Implementation Timeline
Week 1 (Now)
Establish core XLE vol position (Structure 1)
Initiate 50% of SLB position (Structure 3)
Set alerts for key trigger events
Week 2-4
Add VLO position after UN Security Council meeting clarity
Consider USO put spread if spike occurs and fades
Month 2-3
Complete SLB/BKR build-out if tender activity begins
Initiate pairs trade (services vs. majors) if rehabilitation narrative strengthens
Month 6+
Reassess entire framework based on which Act we’re in
Add claims optionality only if settlement path becomes credible
What This Doesn’t Cover
To be completely transparent about limitations:
Execution risk: Bid-ask spreads on longer-dated options can be wide
Liquidity risk: SLB/BKR options less liquid than XLE
Correlation assumptions: Scenarios are not mutually exclusive; hybrids occur
The Trump factor: The current administration has shown itself to be a bit of a wild card, so it is important to factor that into any decision-making process
Black swan: None of these structures protect against true left-tail events (nuclear, pandemic, etc.) — that includes policy changes out of the blue
My own uncertainty: These probability estimates are subjective; I could be wrong (and very, very often, I am!)
Key Takeaways (Part 3)
Collarized call spreads are the core volatility expression - reduced bleed, defined risk
Long-dated service calls align with the rehabilitation timeline (12-18 months)
Diagonals let you harvest IV while waiting for catalysts
Pairs trades isolate the “rebuild” factor from oil direction
Half-Kelly sizing suggests ~6% total portfolio allocation to Venezuela thesis
Claims are venture bets - size for total loss acceptable
Minerals are Act IV+ optionality - 18-24 month LEAPS, lottery ticket sizing
Roll at 4 months - no exceptions, theta accelerates after that
What’s Next
In Part 4, the decision framework — what triggers cause us to update probabilities, how OPEC+ decisions shift the regime, and an operational playbook for the next 6-18 months.
Remember: Alpha is never guaranteed.
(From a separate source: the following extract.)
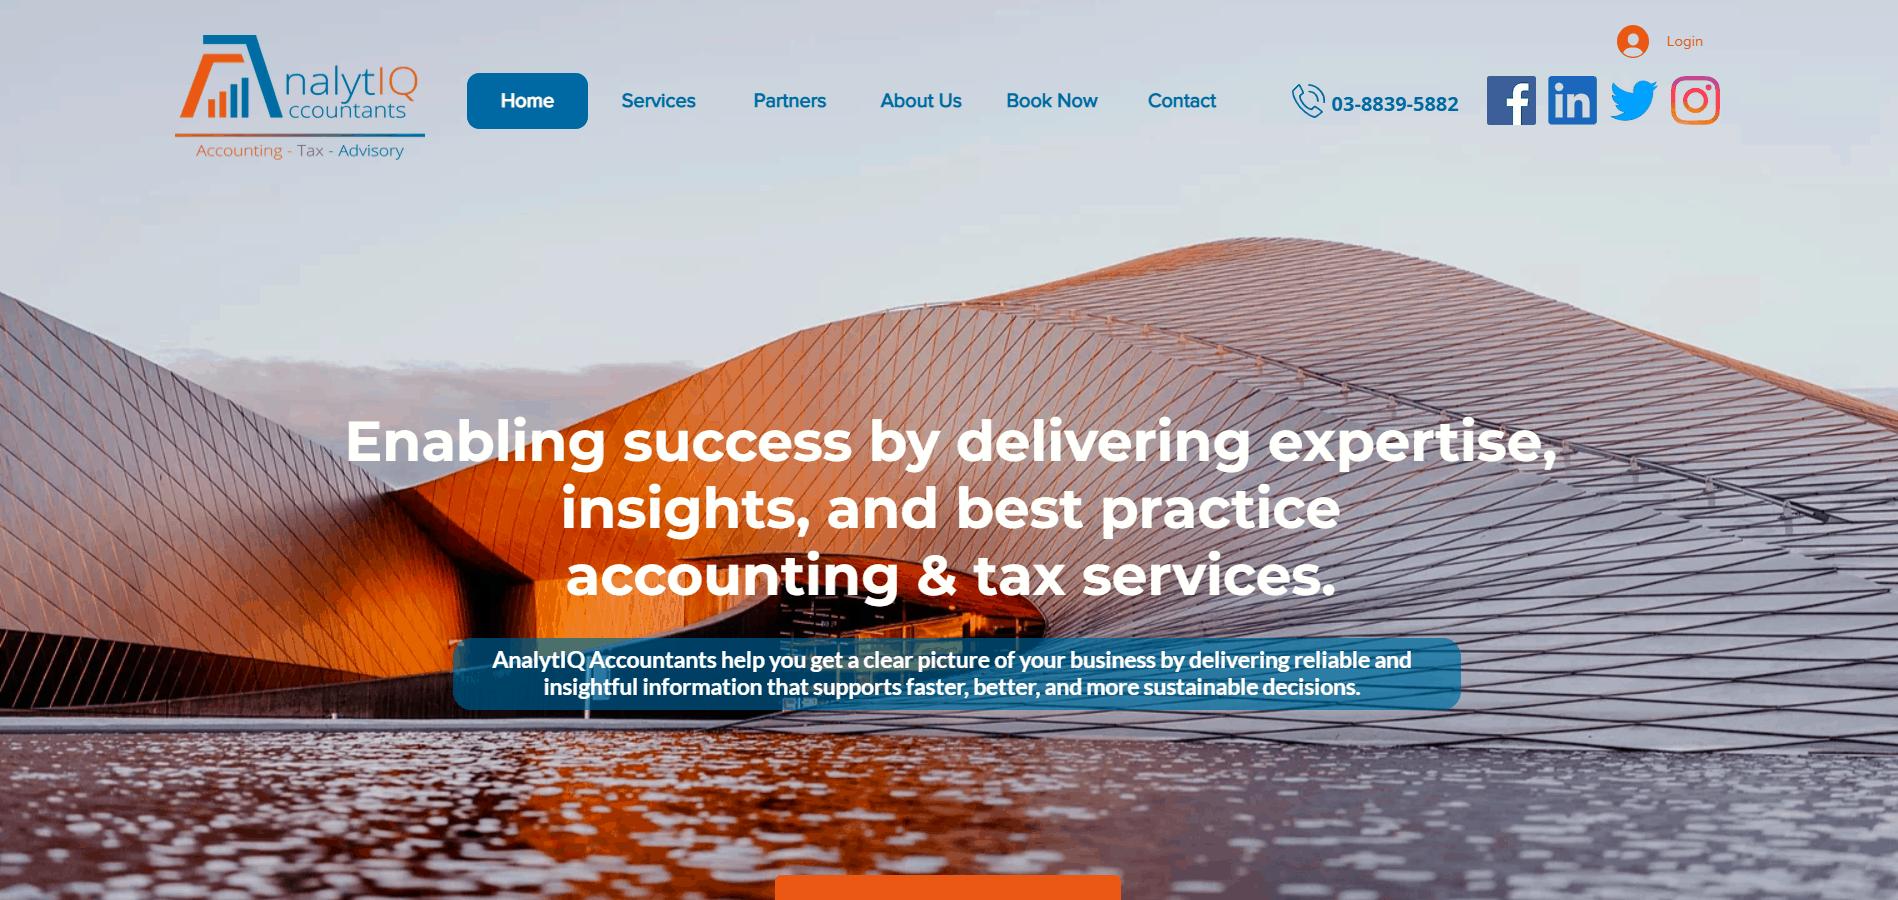 Analytiq Accountants
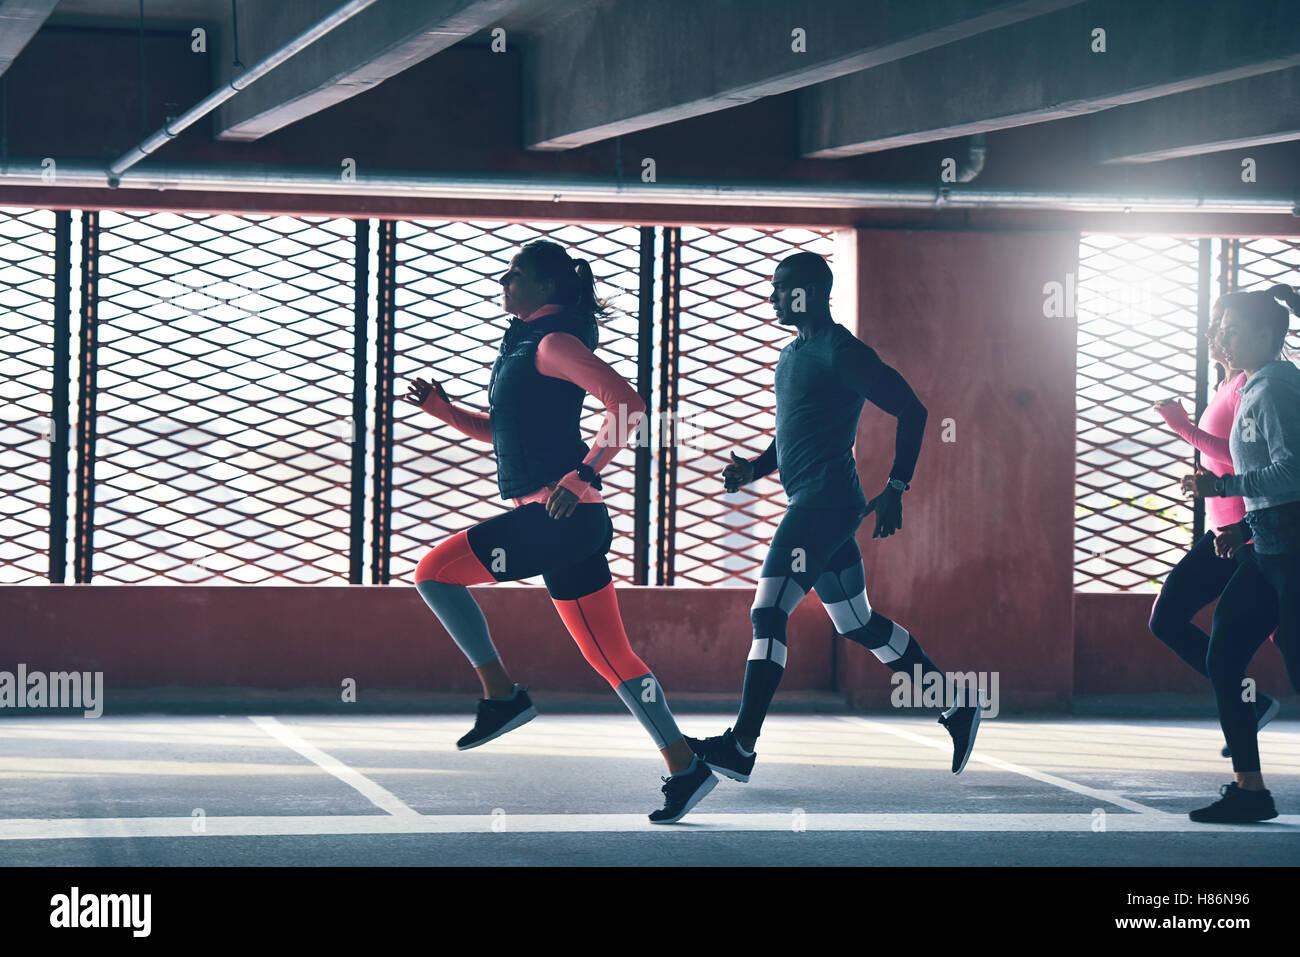 Vista laterale dei giovani atleti di esercitare nella parte anteriore delle grandi finestre. Copyspace Immagini Stock

And the backtest is a liar until proven otherwise.
These posts are about methodology, not recommendations. Some of the approaches discussed here involve commodities (like oil) and complex instruments (e.g., options and derivatives) and not suitable for all investors. Many of my analyses probably contain errors — if you find them, please let me know.
While I may hold positions in some of the underlying assets discussed here, my posts are not an endorsement or a recommendation of those underlying assets. This is a quickly emerging and fast-changing situation, so please be wary of information staleness.
The material presented in Math & Markets is for informational purposes only. It does not constitute investment or financial advice.